Ethan walked behind me and I heard the sound of a bag being unzipped. Riley, who'd been watching the scene unfold, started wailing louder than ever before.
"Ethan please no don't, please don't Ethan, just leave it in the bag, look what it did to the first one, Ethan, ETHAN!"
Ethan carried on rambling as though oblivious to his friends' protests.
"We broke in here, you see, a while back now. Well, we broke in up there, not down here. We found down here by accident. Funny things aren't they, accidents?"
His semi-nonsense was whispered into my left ear by the end of the last sentence. He was standing directly behind me, one hand again placed on my right shoulder. I couldn't help but wince at the sharp stinging from the papercut gouging his nails left. Especially when he started rubbing my shoulder blade with a clammy palm.
"You see, Friend-Of-Bill, he was the first to put it on." Ethan crooned, his hushed tone barely audible over Riley's hysteric protests.

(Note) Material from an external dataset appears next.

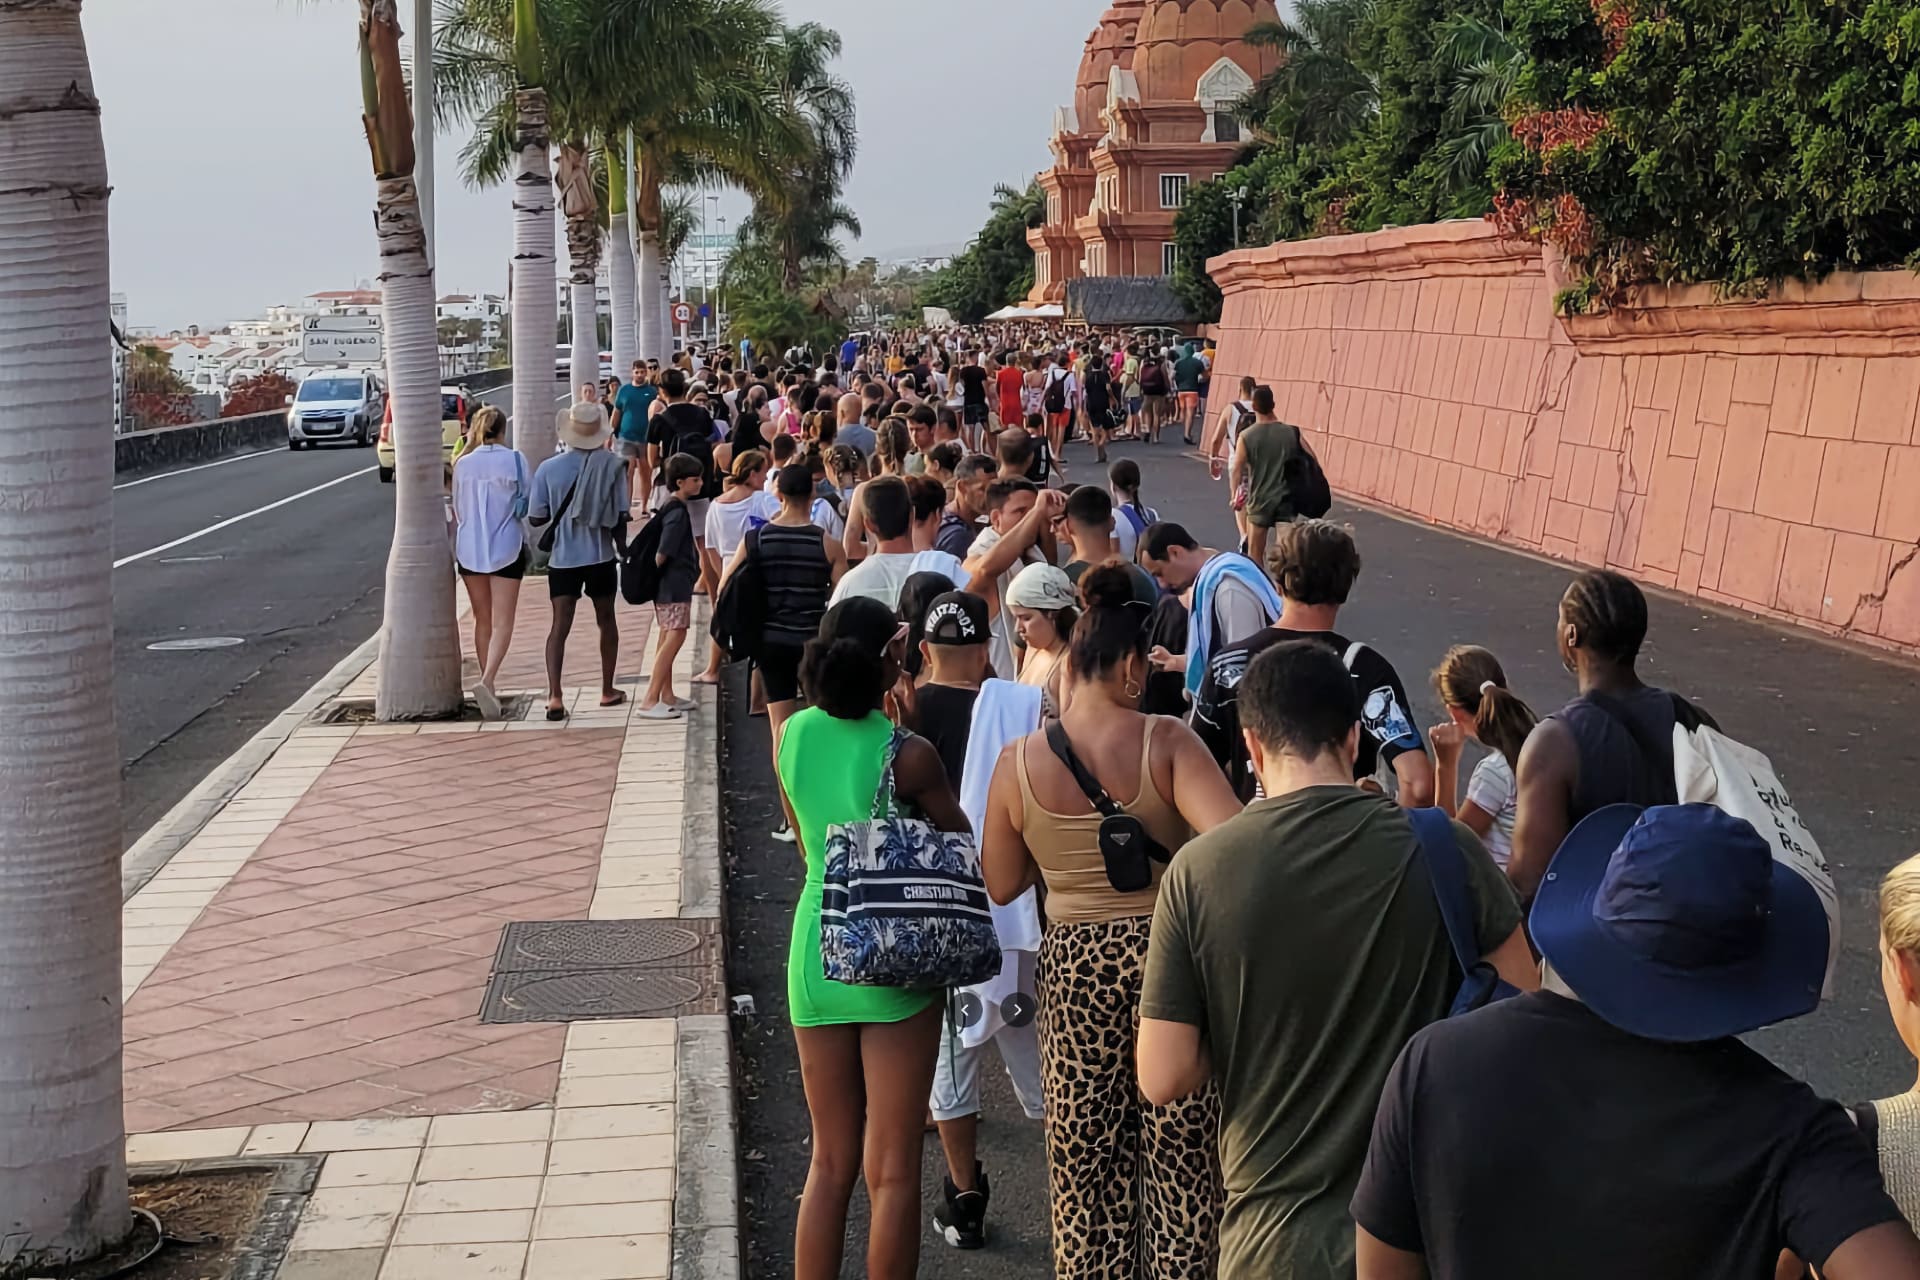 crowd at the entrance to Siam Park

"The rest of us watched him. We watched him flicker and shift, watched him go and then return, coming back with burst ears and screams about hearing God speak. He ran after that though, didn't you Riley? Took me ages to track him down and bring him back here. The other two didn't want to but I was determined. I had to know. I put it on too you know, Friend-Of-Bill. We all did in the end. We were going to take it to the police but… well, there's something about it, you know? It's part of something bigger than laws and morality and nations and men. You can't resist it. All three of us caved. The other two, they didn't make it, they ended up like poor Bill, but I was stronger. It shows you things. No, not just shows… takes you to them. It took me to so many places, showed me what I have to do. That we'd find the end to all this if we wait down here. I have to help him, you see. I have to help him by finding somebody else that God will speak to."
I think Riley knew what Ethan was rambling about, because even though he couldn't hear the words his wails fit the insanity leaving his captors lips.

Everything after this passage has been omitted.